The General Civil Aviation Directorate in France announced that French airports were also reopened, including the busy Charles de Gaulle hub in Paris. All long-haul flights to and from France were back in the air, the directorate said in a statement, and an estimated 75 percent of medium-haul flights -- such as those around Europe -- were expected to take off in the approved air lanes.

London's Heathrow Airport, the busiest in Europe, was a mixed scene, with some passengers jubilant because they were finally about to board an aircraft and others exasperated as they sat gazing forlornly at electronic boards listing dozens of canceled flights. The government lifted its ban on flights through most British airspace Tuesday night.

British Airways, the main British carrier, said it was operating all its long-haul flights from Heathrow and Gatwick. But it warned passengers to check by telephone or on the Internet before going to the airport, indirectly acknowledging that the situation was still far from normal.

Eurocontrol, the Brussels-based European air travel authority, said about 22,500 flights were crisscrossing Europe on Wednesday, a big jump from previous days. But its spokeswoman, Kyla Evans, said that was still way below the normal rate of 28,000 flights a day.

Mayrhuber criticized the method of measuring the danger posed by the volcanic ash, as have IATA's Bisignani and other airline executives. The Lufthansa chief suggested that at least some of the chaos could have been avoided if national air control agencies had made finer distinctions from the beginning about danger zones and other corridors where there was no danger.

Evans, the Eurocontrol spokeswoman, said the Volcanic Ash Advisory Center at the Met Office, Britain's national weather service, supplied data on the ash cloud to Eurocontrol, which in turn passed it on to aviation authorities in individual European countries. The decisions to close or open air space as a result of the data were made on the national level, she added.

Mayrhuber's comments were the latest in a rash of criticism from industry executives complaining that their national authorities overreacted to the ash clouds and failed to coordinate with other European governments in seeking a way to get planes moving again, despite urging from the industry.
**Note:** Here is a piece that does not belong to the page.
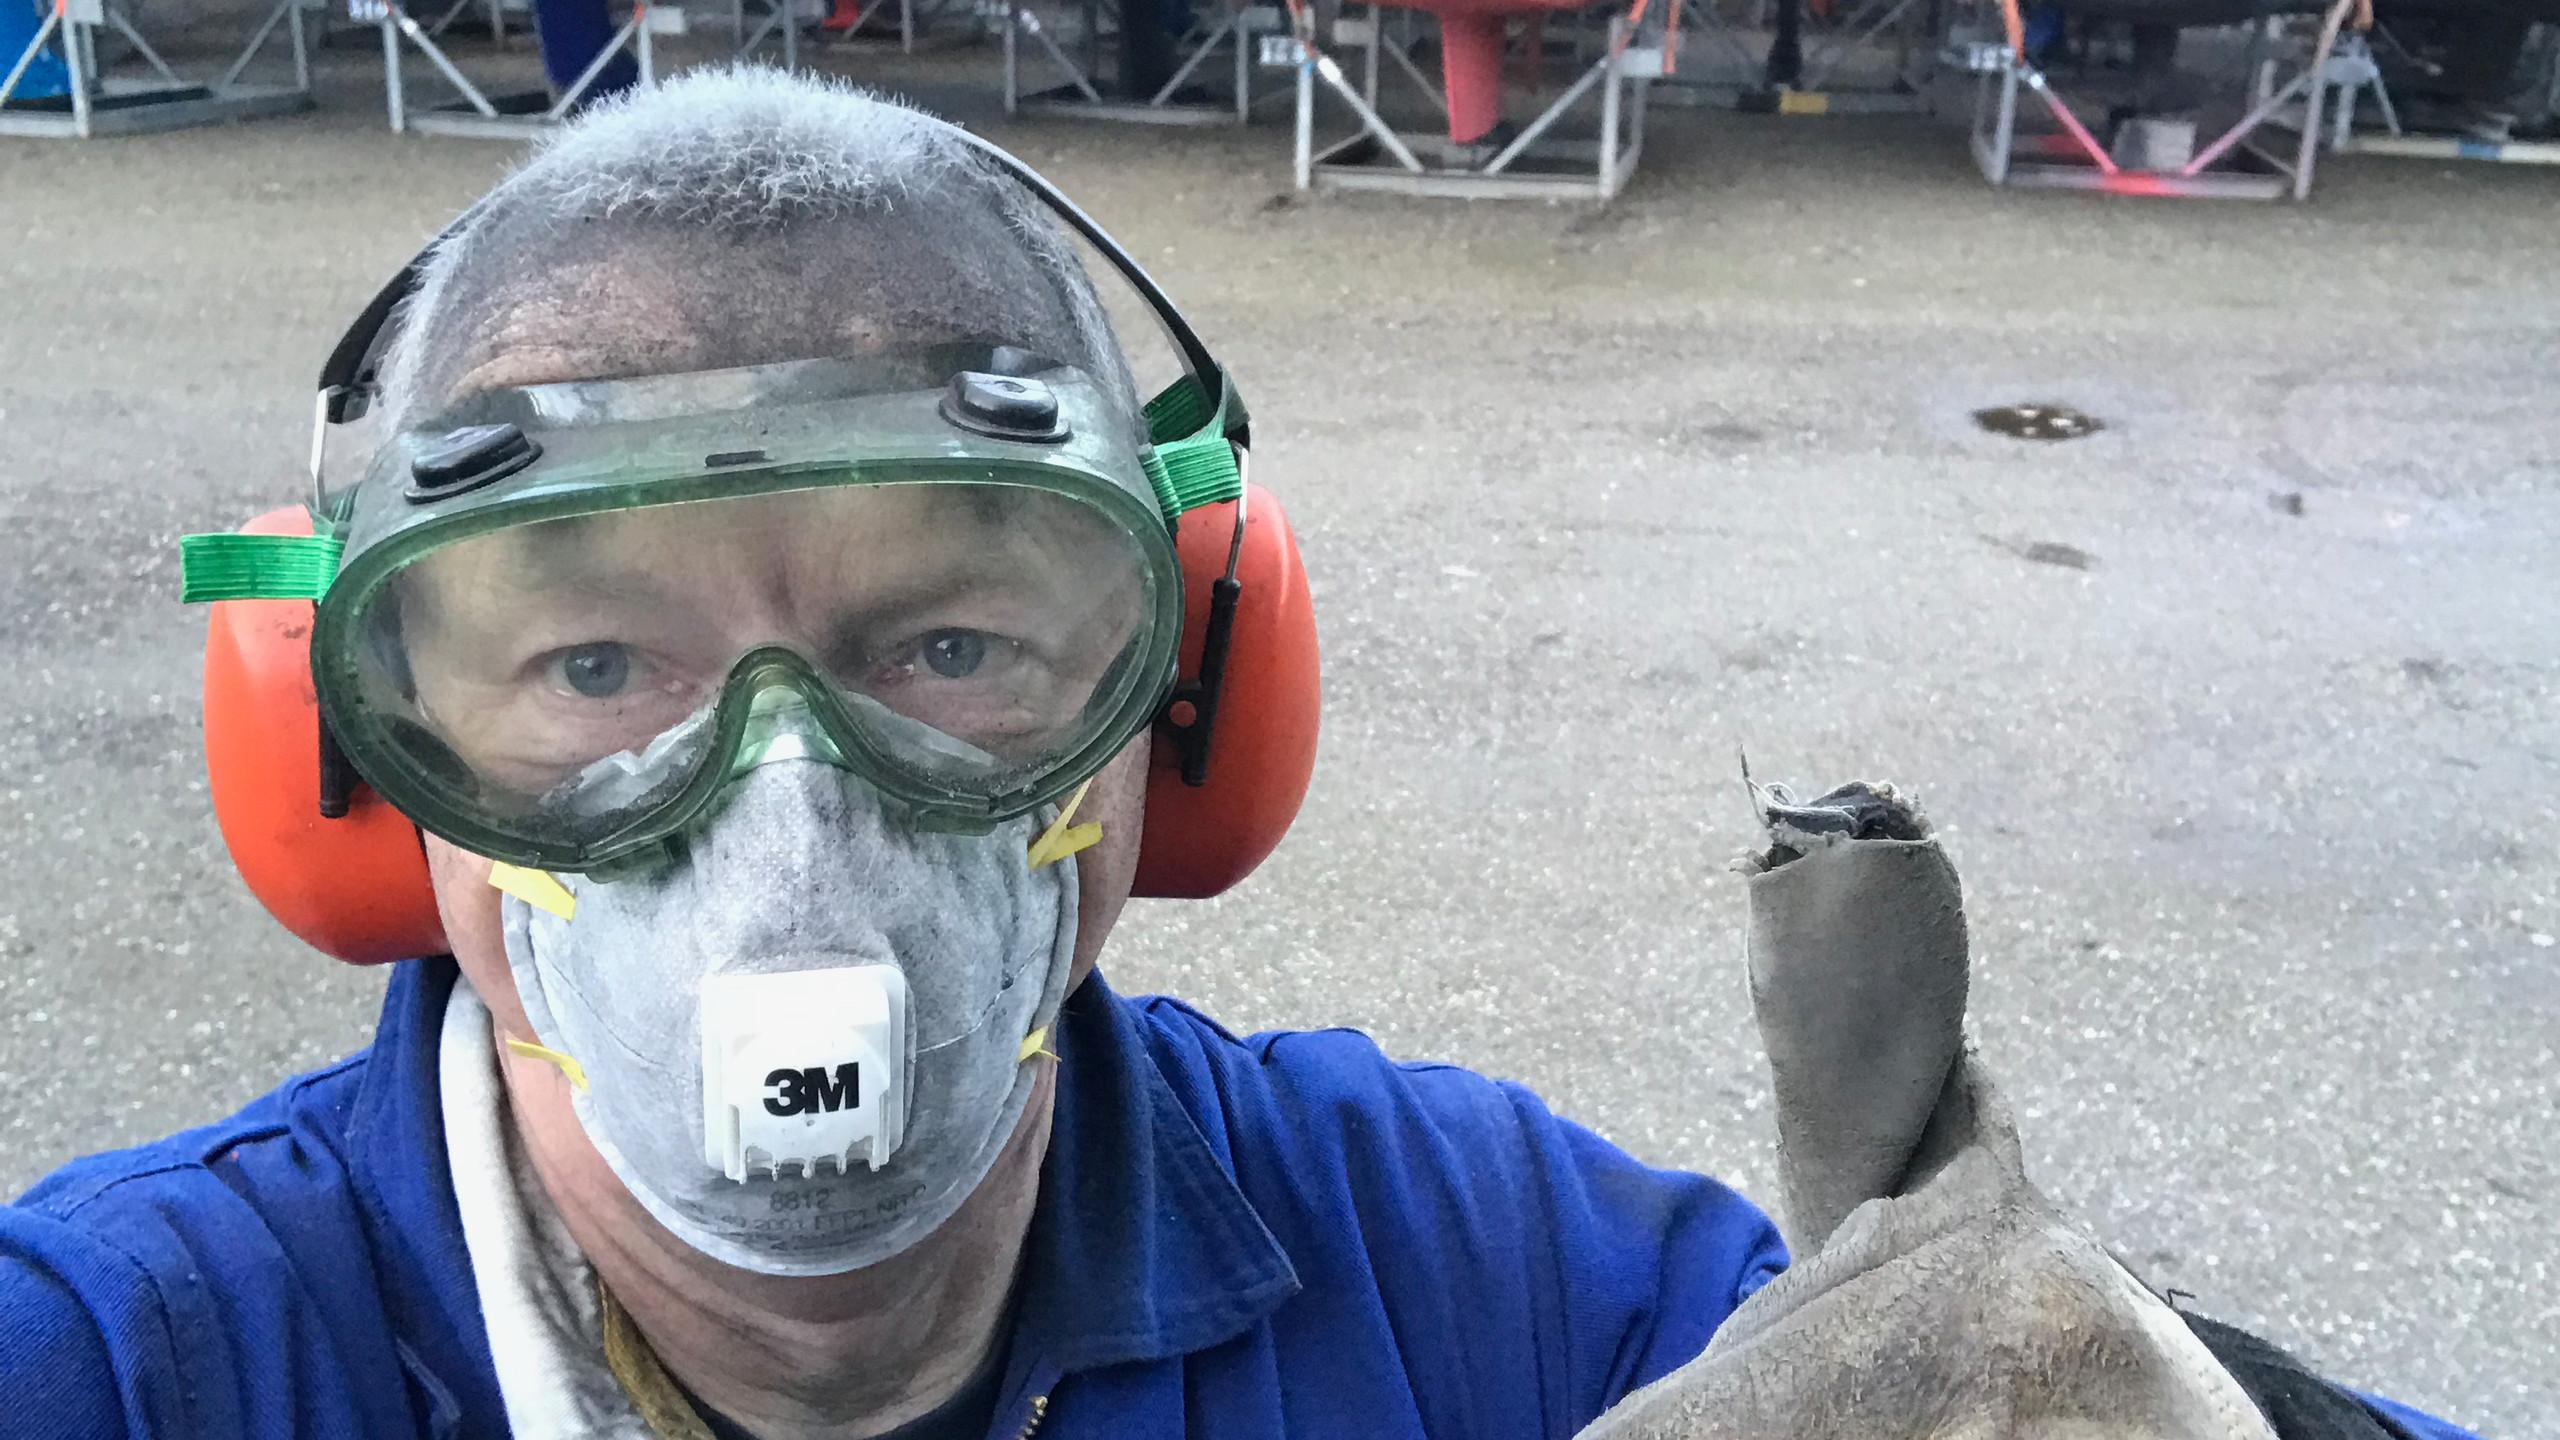 Dirty job #2

"On behalf of the tens of thousands of customers stranded around the globe, we are delighted the authorities have paid heed to the arguments we and the industry have put forward," Willie Walsh, the head of British Airways, said Wednesday in a backhanded criticism that reflected the industry's irritation.

Michael O'Leary, chief executive of the cut-rate Irish line Ryanair, said it made sense to ground flights for the first day or two, when it was unclear how much danger the spewing volcano in Iceland would create. But, in comments to the Associated Press, he said European governments were slow to take stock of the situation over the weekend and kept airplanes out of the air far longer than necessary.

The British government, facing an election next month, has come under fire for maintaining the ban beyond what Walsh and other airline industry executives thought necessary. But it insisted the decision to lift the no-fly order was based only on a judgment that the danger had passed and had nothing to do with political or industry pressure.

"At every stage, decisions were based on the decisions of safety regulators," said British Transport Secretary Andrew Adonis in a television interview. "They have not been based on pressure from airlines, and that is what the public would expect."

Special correspondent Adam reported from London.